What I learned while creating Bookshelf (open source RAG Application)
I had the opportunity to speak at the AllThingsOpen.ai 2025 Conference recently. It was a wonderful experience to learn from and share with so many amazing fellow presenters and attendees. All Things Open AI 2025 session recordings are available now.
I spoke about several key aspects of Retrieval-Augmented Generation (RAG) and vector databases. The main topics I addressed included The Core Concepts of RAG, Embedding Models vs. Inference Models, Handling Multiple Embeddings and various Optimizations Beyond Naive RAG such as chunking strategies, enrichment with metadata, auto-merging retriever, and reranking models.

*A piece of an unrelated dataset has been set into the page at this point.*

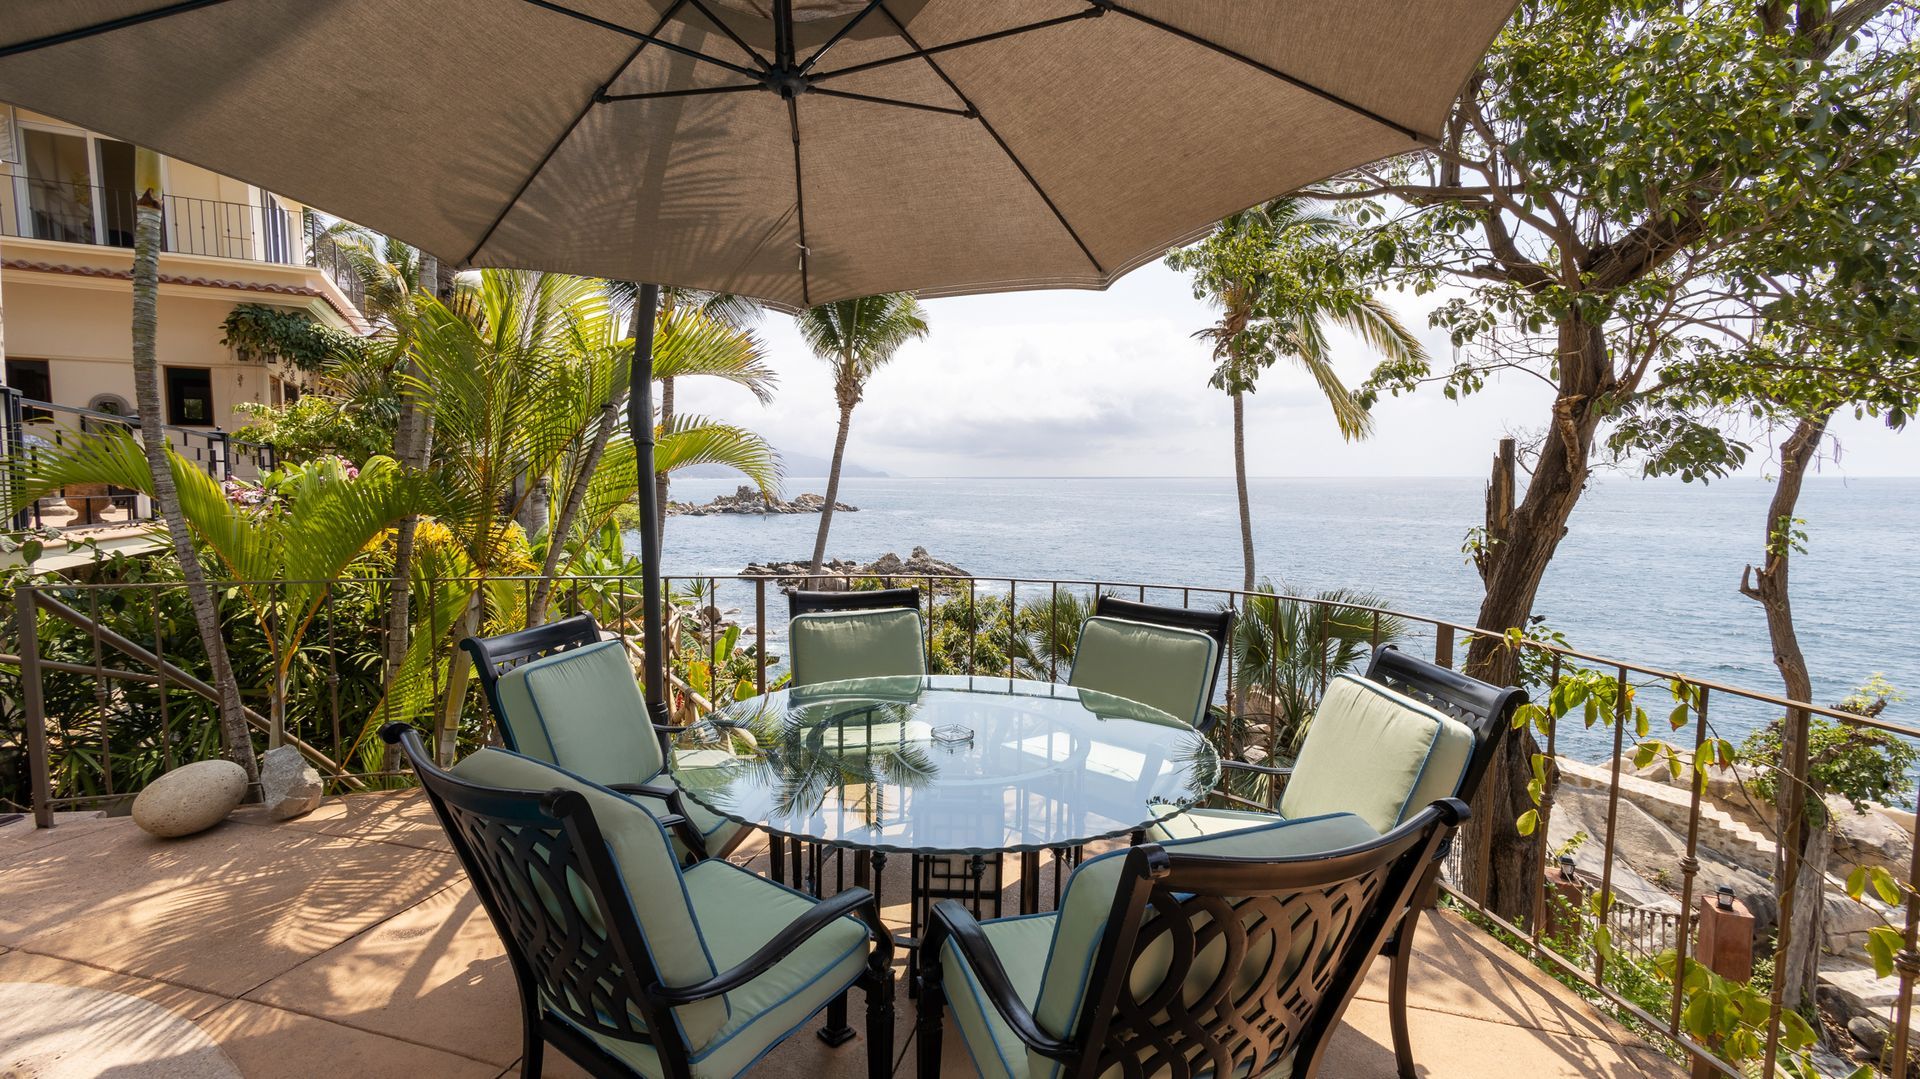 a patio with a table and chairs under an umbrella overlooking the ocean

Finally, I touched on Local Execution and GPU Utilization.
Bookshelf is a Generative AI application built as a rudimentary, but fairly capable, RAG implementation written in python. It can use an open source LLM model (running locally or in the cloud) or a GPT model via OpenAI’s API.
I used llama-index for orchestrating the loading of documents into the vector database. Only TokenTextSplitter is currently used. It does not optimize for PDF, html and other formats.
ChromaDb is the vector database to store the embedding vectors and metadata of the document nodes.
You can use any open source embeddings model from HuggingFace.
Bookshelf will automatically use the GPU when creating local embeddings, if the GPU is available on your machine.
You can use OpenAI embeddings as well. There is no way to use a specific OpenAI embedding model or configure the parameters yet.
If you are running it locally, you will have the option of using an Open Source LLM instance via an API Url. In the screenshot, I am using an open source Embedding Model from HuggingFace (sentence-transformers/all-mpnet-base-v2) and The local LLM server at http://localhost:1234/v1
Collections tab shows all collections in the database. It also shows the names of all the files in the selected collection. You can inspect individual chunks for the metadata and text of each chunk. You can delete all contents of the collection (there is no warning).
You can modify the collection name to create a new collection. Multiple files can be uploaded at the same time. You can specify if you want to extract metadata from the file contents. Enabling this option can add significant cost because it employs Extractors which use LLM to generate title, summaries, keywords and questions for each document.
On the Retrieve tab, you can query chunks which are semantically related to your query.
On the Prompt tab, you can prompt your LLM. The context as well as the Prompt Template is editable.
Here is an example of using the context retrieved from chunks in the Vector database to query the LLM.
This inference was performed using Phi3 model running locally on LMStudio.